This morning, Sam had a great big hunk of steel to thin down. Here’s where the process of “endless refinement” kicks in: you remove things carefully and consistently, shredding off everything that doesn’t look like blade.
I spent most of my time preparing a different bar for my own purposes, while Sam say in front of the belt sander, making dust. One thing that occurred to me is that the process is fairly beginner-friendly: you start off with something that you can’t really screw up, and by the time you’ve refined it to the point where a screw up will matter, you’ve got several hours of experience with the grinder. Mostly I spent my time advising on strategy, e.g.: “put it vertically on the platen and it will make distinctive scratches where the metal is sticking out too far.” There is also a learning curve regarding the speed with which things happen; the metal doesn’t disappear quickly and you have plenty of time to think about what you’re doing. When you start trying to straighten the edge to finish the blade, things happen a lot faster – if you hit the edge wrong with the grinder, you can take a great big divot out of it.
Quenching the blade is a dramatic way-point: you shape the blade down, then heat it and dunk it and then… wipe it off and go back to shaping the blade even more. “That’s it?” Yep, that’s it: thin it out then thin it out more then polish it (which thins it out) and sharpen it (more thinning) then put a handle on it.
We did a short walk-through of my wood collection and Sam decided wisely on ebony bolsters with white maple handles. It’s going to look very traditional.
There’s just a lot more thinning and shaping to do.
Right now, the edge of the blade is about as thick as 3 or 4 sheets of paper. Tomorrow, Sam’s going to do a little more shaping and thinning then it’s time to switch to getting the scratches out of the steel. The plan is for that to be the morning, then I’ll talk him through broaching the bolster and drilling the handle then home for burgers on the grill and hard cider, and gluing the handle up. Saturday morning should be just shaping the wood (very quick!) and then Sam’ll be off on the road, heading toward the next way-point in his life.

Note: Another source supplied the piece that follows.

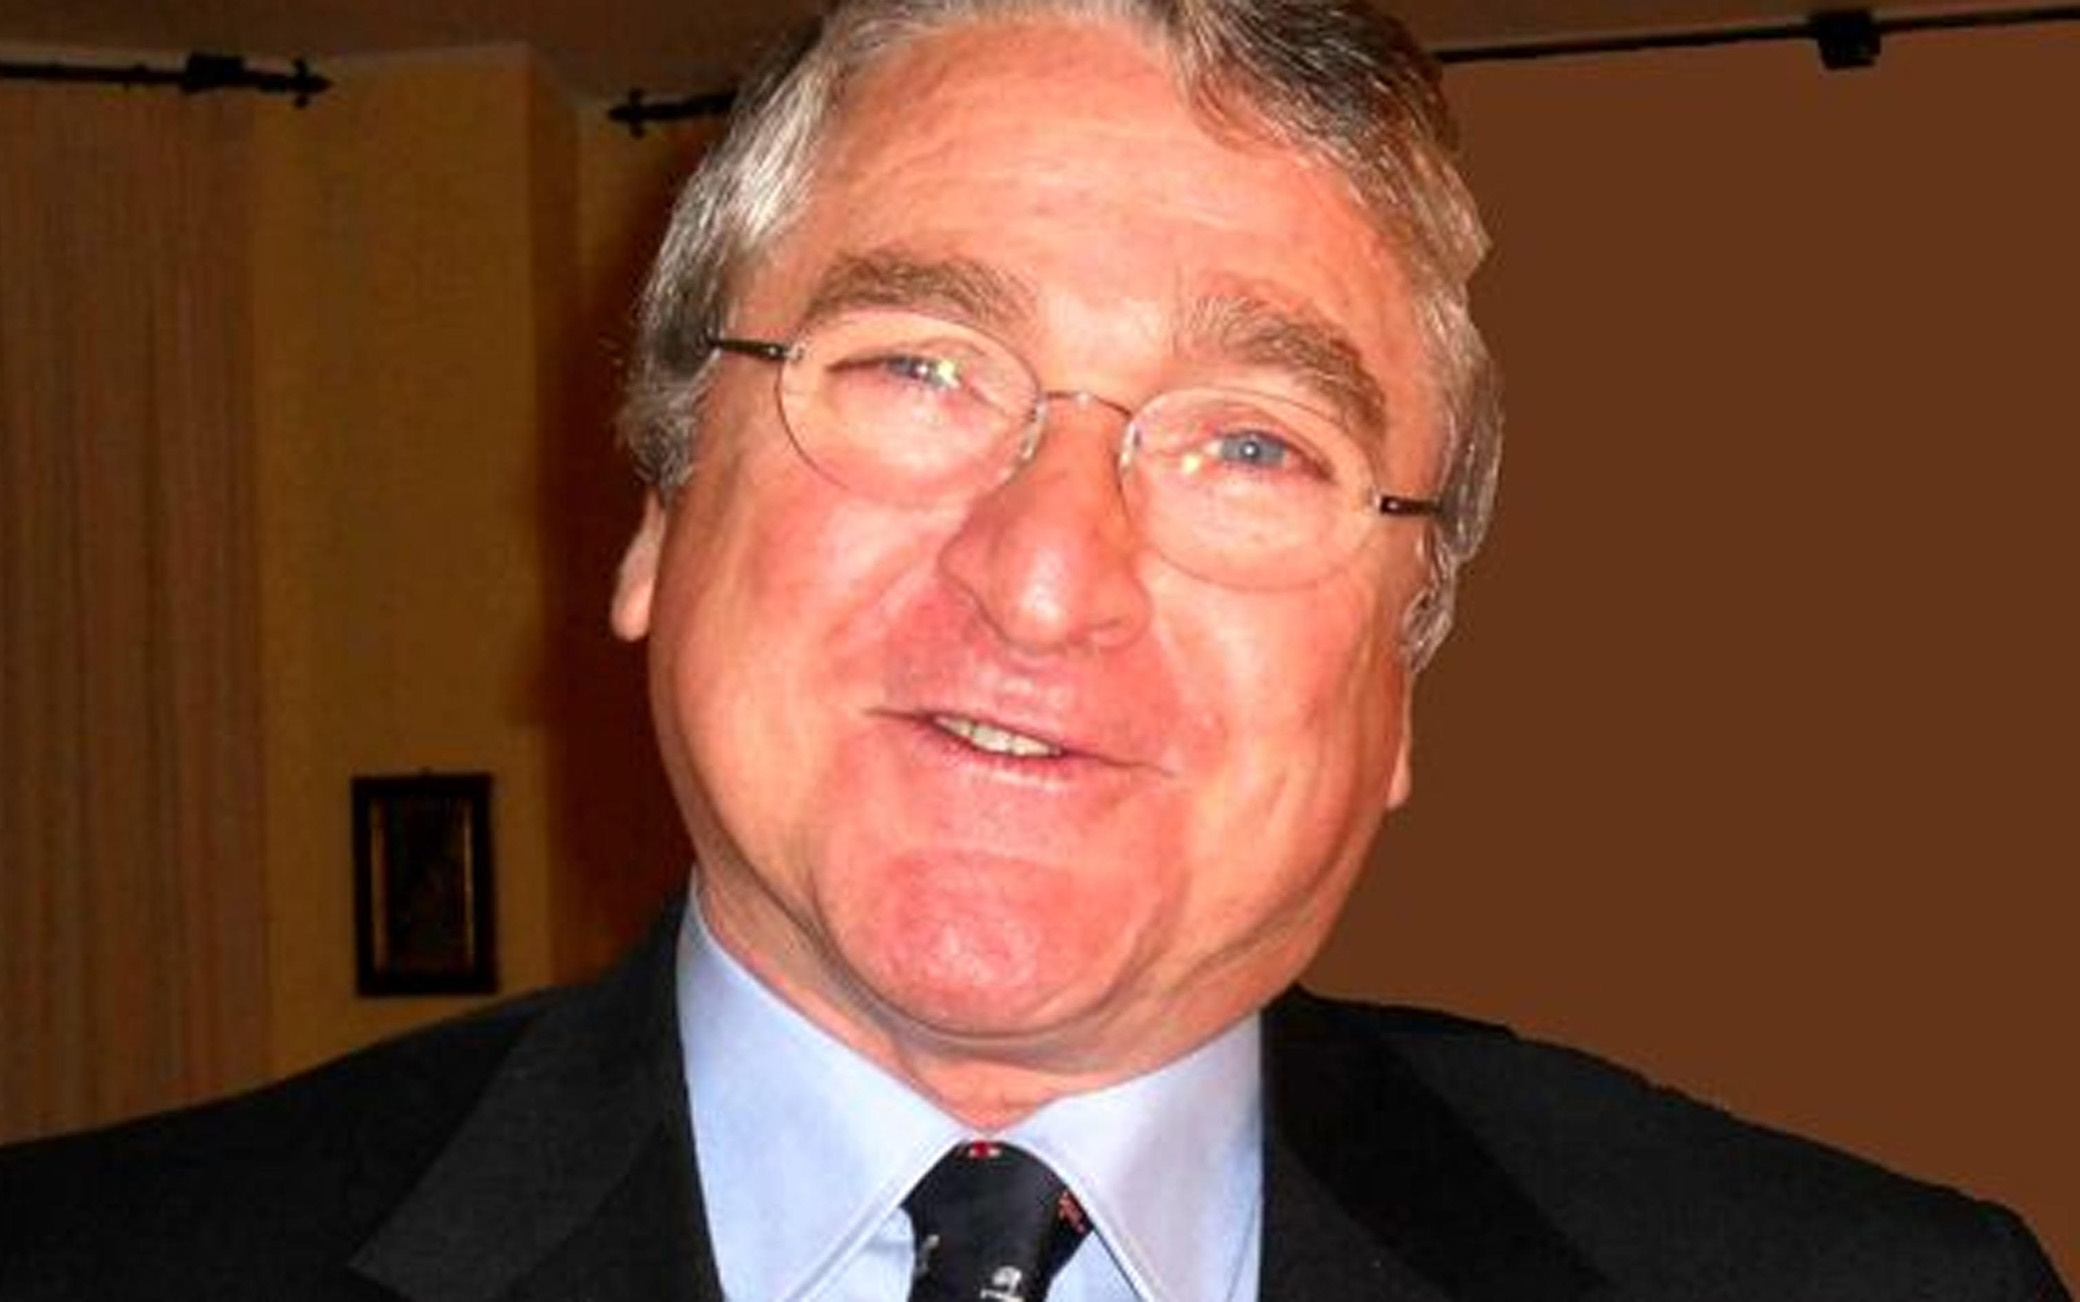 L'ingegnere 74enne Giovanni 'Vanni' Calì, rapito ieri ad Haiti
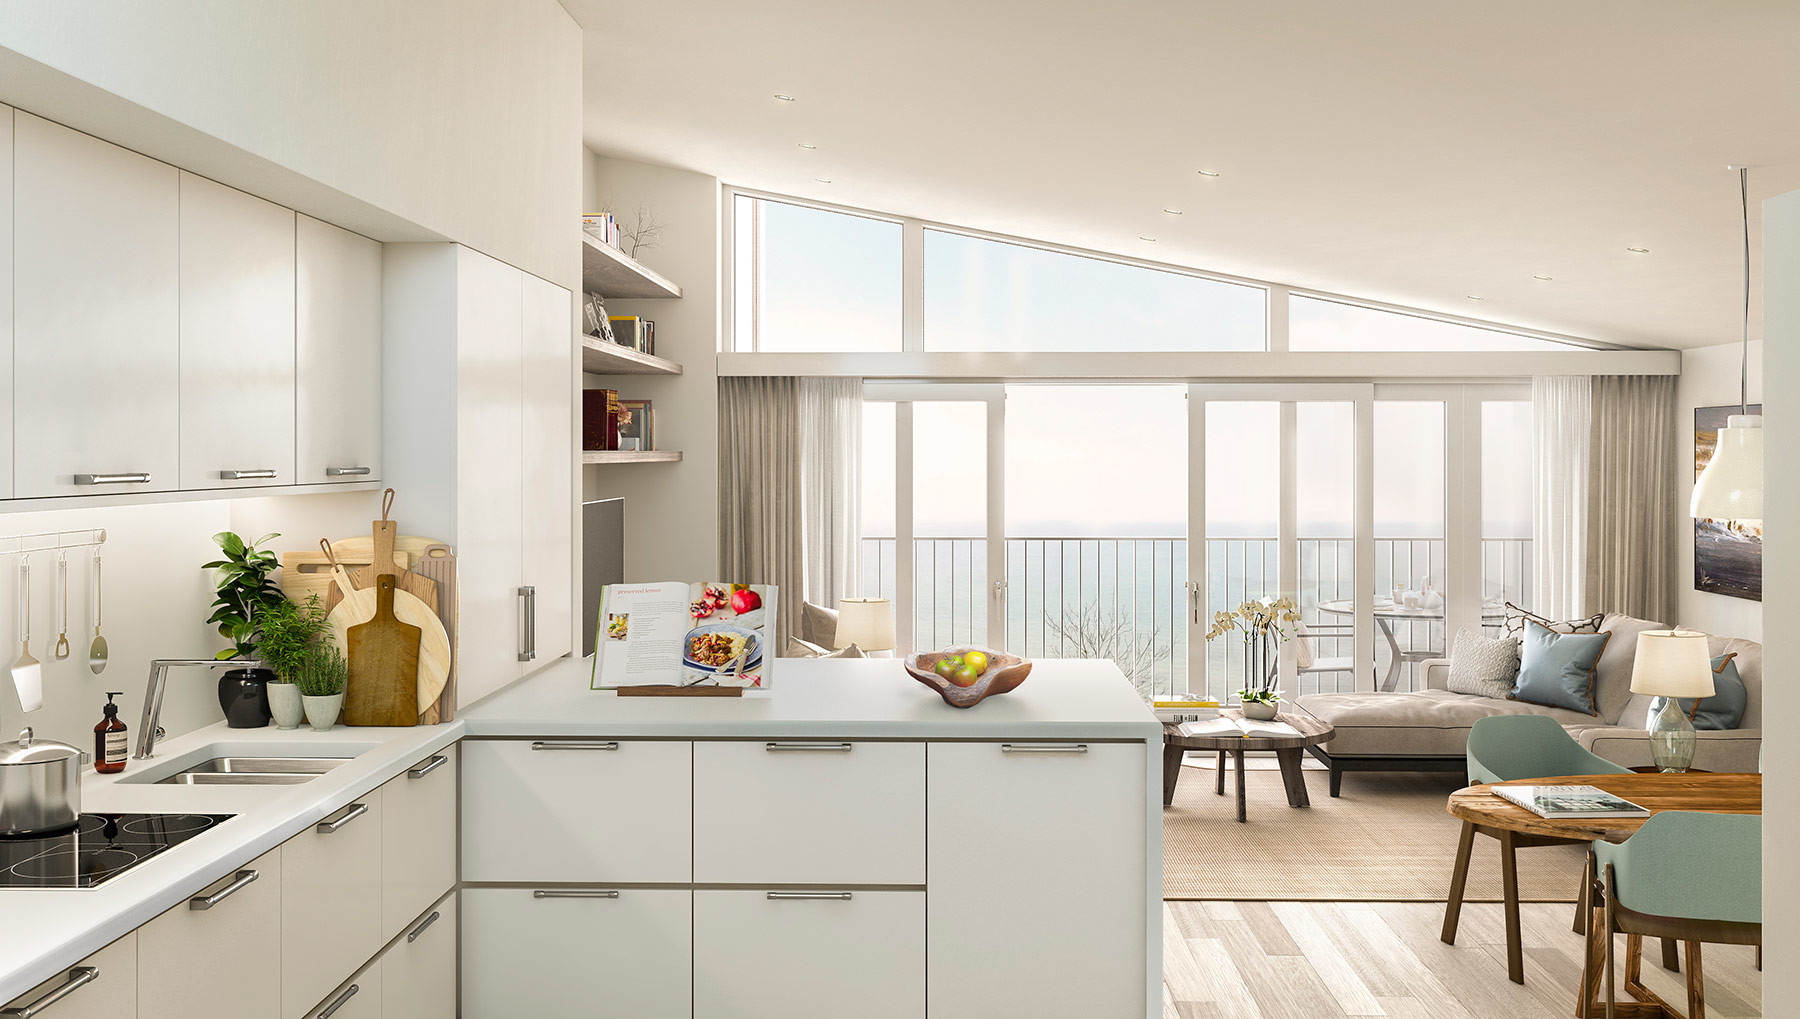 Sarah-Wigglesworth-Architects Shell-Cove-OC Kitchen 1800

Related but unrelated: the suminigashi carbide holder I sent to Australia has suddenly re-surfaced at its destination, with no warning to me. The USPS appeared to think it was in Chicago, but I got an email that it had arrived, then checked the USPS site and it shows it was delivered. I suspect whole parts of The System have been breaking down due to the coronavirus; the tracking system probably purges items from its database if they haven’t moved in over a month or something like that. Anyhow, I’m happy that the bar that was lost has now been found!